Having reviewed the record and the ALJ's findings, this Court concludes the ALJ's decision is not supported by substantial evidence and free of harmful legal error. The ALJ must reconsider Plaintiff's symptom complaints, the medical opinion evidence, the statement of Plaintiff's husband, and the residual functional capacity finding. On remand, the ALJ shall conduct a new sequential evaluation and obtain the opinion of a medical expert or a consultative evaluation to assess Plaintiff's fibromyalgia and other physical impairments. Although the ALJ is directed to reconsider the record including the mental health evidence, the ALJ is not required to obtain a consultative mental evaluation or psychological expert unless the ALJ determines such is appropriate.

Accordingly,

1. Plaintiff's Motion for Summary Judgment, ECF No. 9, is GRANTED.
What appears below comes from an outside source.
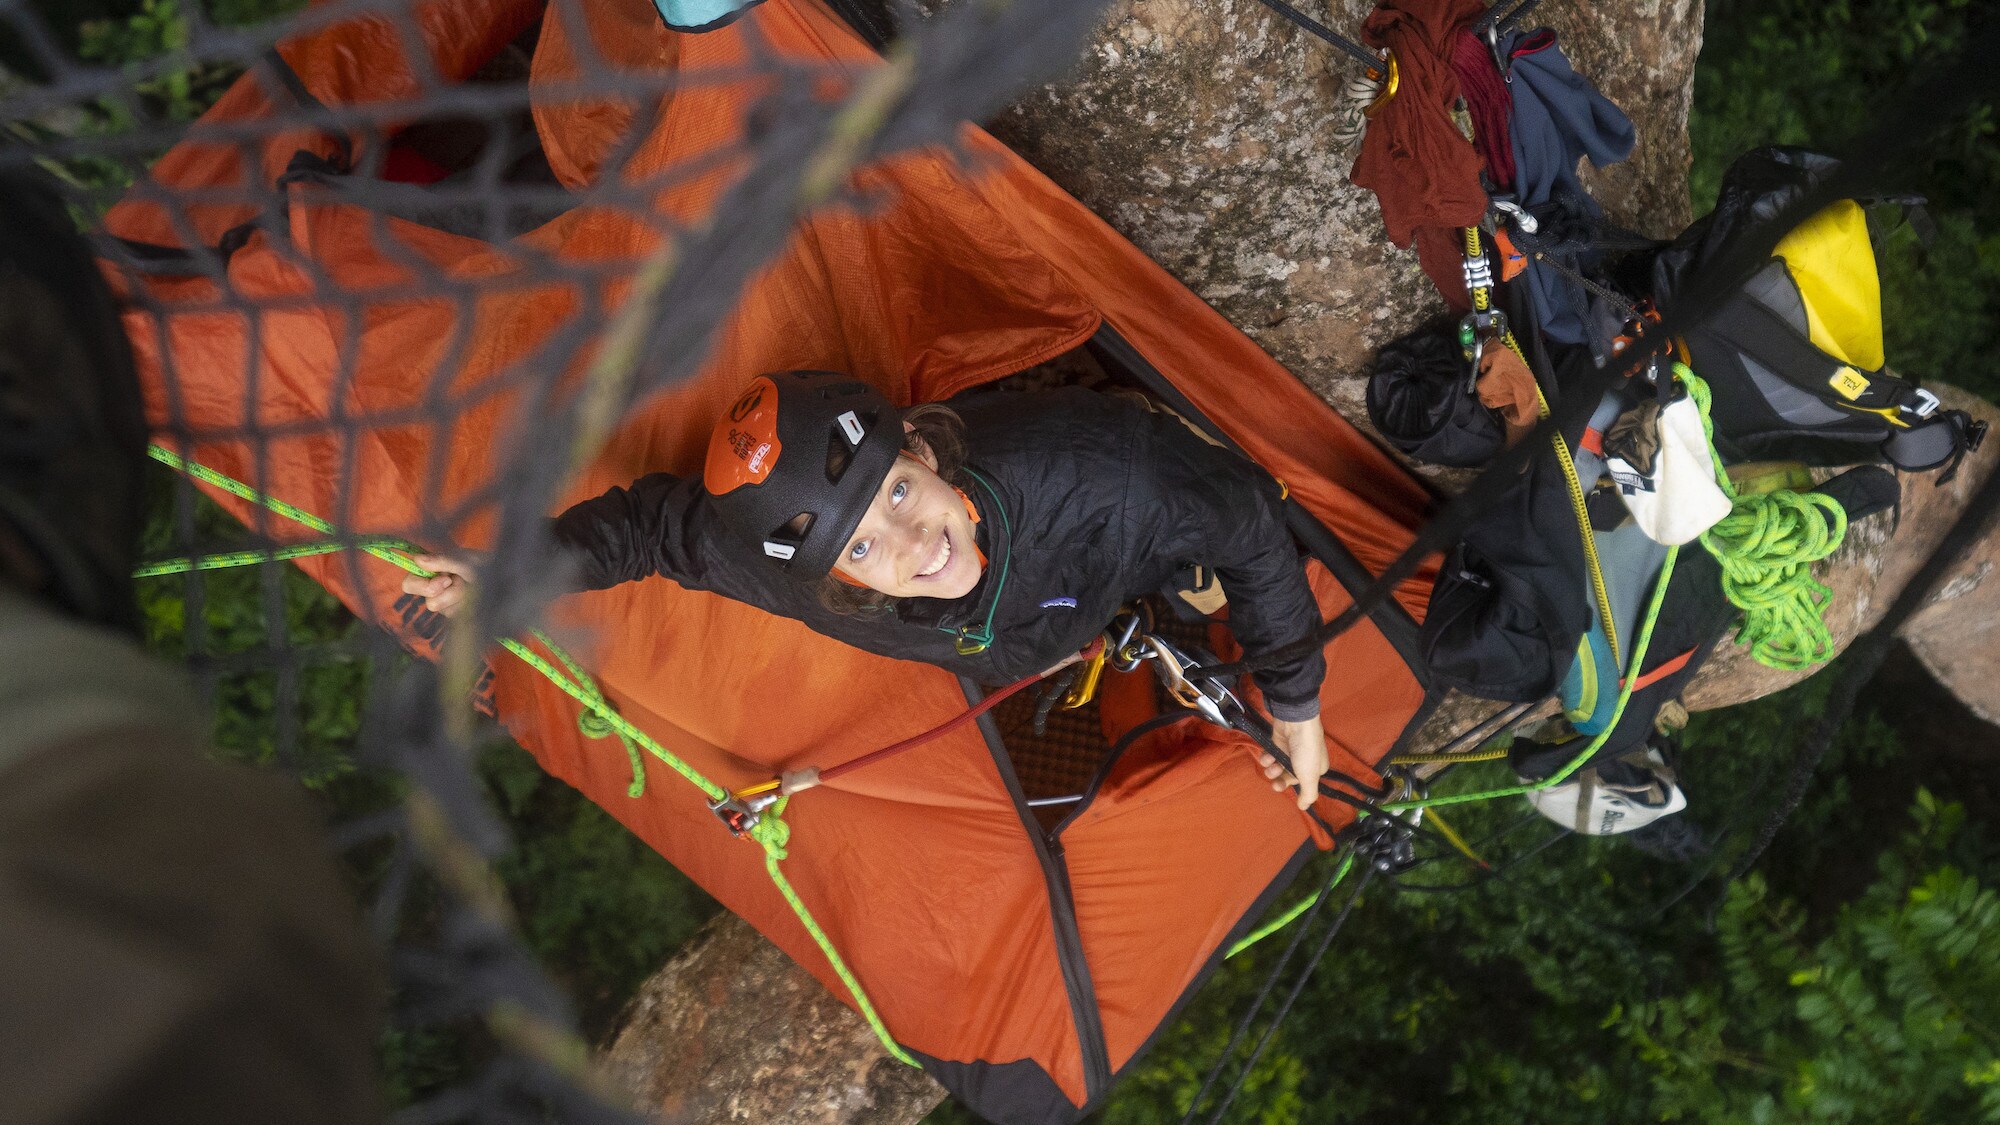 Megan Donaldson looking up at camera from her canopy tent. (National Geographic for Disney+/Waldo Etherington)

2. Defendant's Motion for Summary Judgment, ECF No. 11, is DENIED.

3. This case is REVERSED and REMANDED for further administrative proceedings consistent with this Order pursuant to sentence four of 42 U.S.C. § 405(g).
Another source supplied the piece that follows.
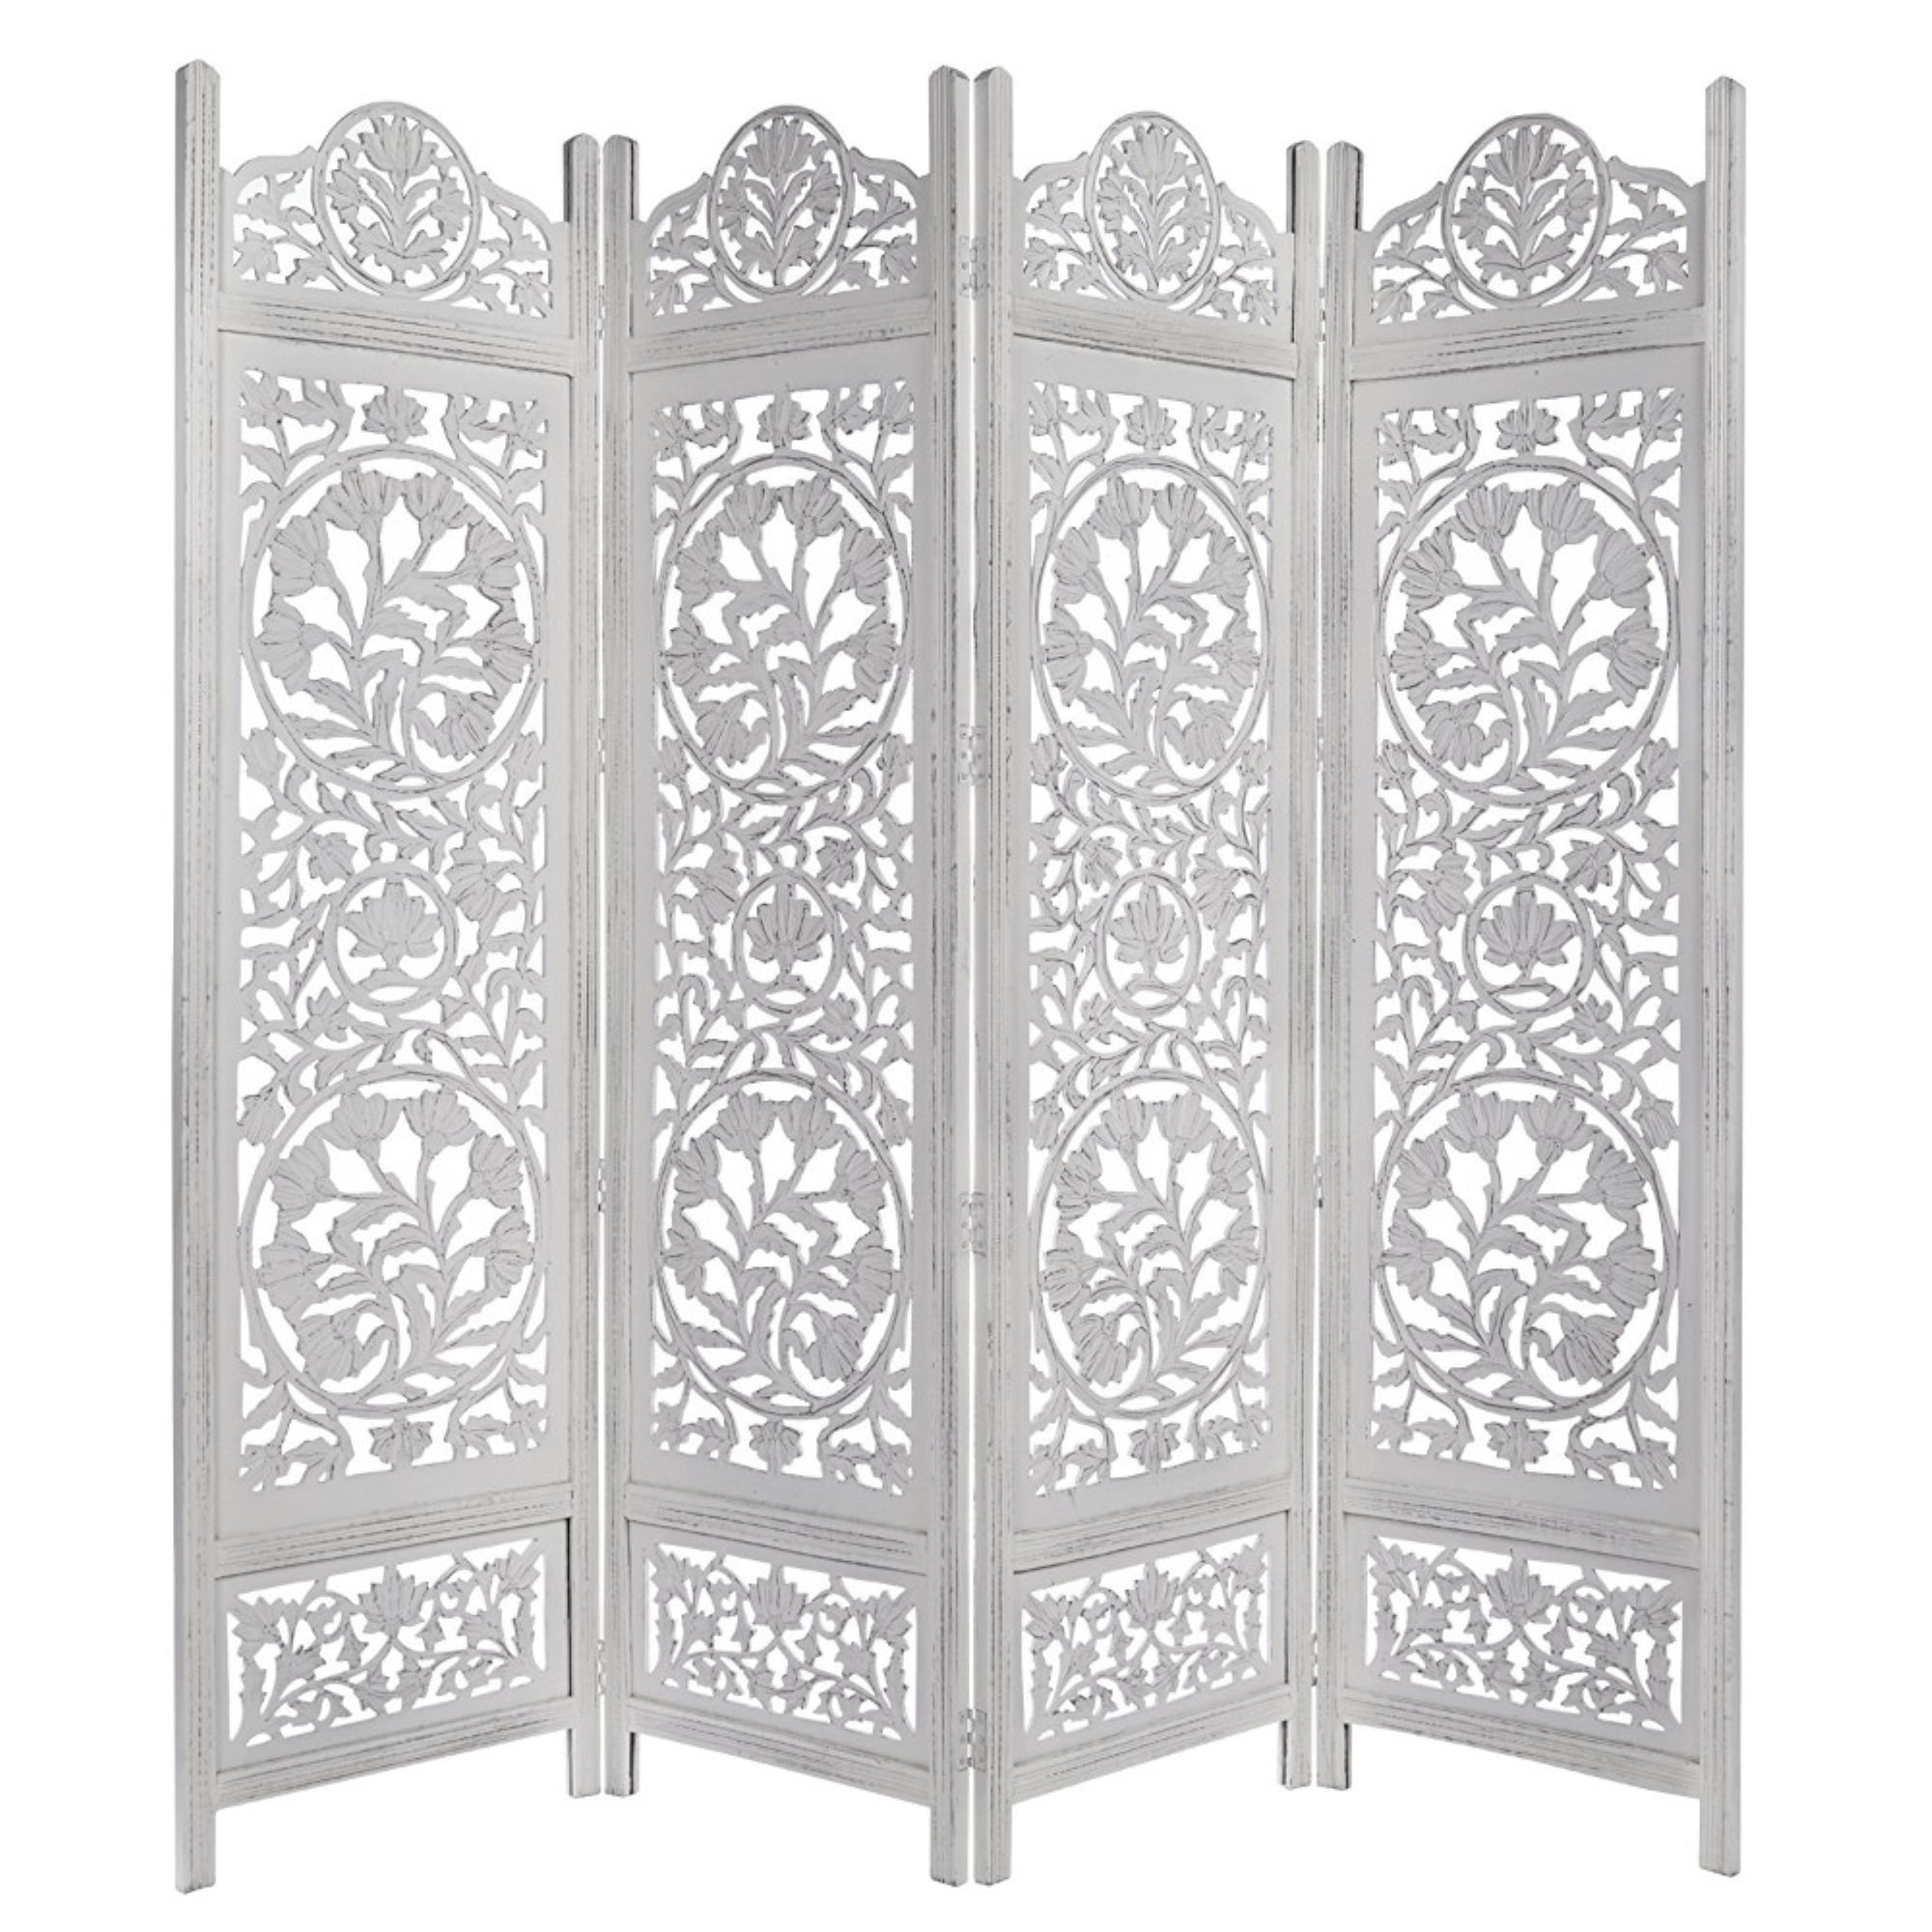 Home Decor Total Privacy Room Divider Chinese Style Lotus Partition Curtain

IT IS SO ORDERED. The District Court Clerk is directed to enter this Order and provide copies to counsel. Judgment shall be entered for Plaintiff and the file shall be CLOSED.

FootNotes


1. In the interest of protecting Plaintiff's privacy, the Court will use Plaintiff's first name and last initial, and, subsequently, Plaintiff's first name only, throughout this decision.
2. The ALJ's finding is insufficient under any standard, regardless of whether clear and convincing, specific and legitimate, or germane reasons are required.
3. It is noted that the ALJ rejected Dr. Staley's opinion in part because, "the claimant was never examined by the consultant." Tr. 28. This is an improper reason for rejecting the opinion of a nonexamining physician, as ALJs are directed to consider all opinion evidence, regardless of source. 20 C.F.R. § 404.1527 (2012). Although a reviewing physician's opinion is entitled to less weight than a treating or examining physician's opinion, it does not follow that a reviewing opinion is therefore always entitled to little or no weight. See Holohan, 246 F.3d at 1201-02. Notwithstanding, as Defendant observes, Plaintiff was not prejudiced by the ALJ's rejection of Dr. Staley's opinion, as the limitations assessed by Dr. Staley are less restrictive than those included in the RFC. ECF No. 11 at 11.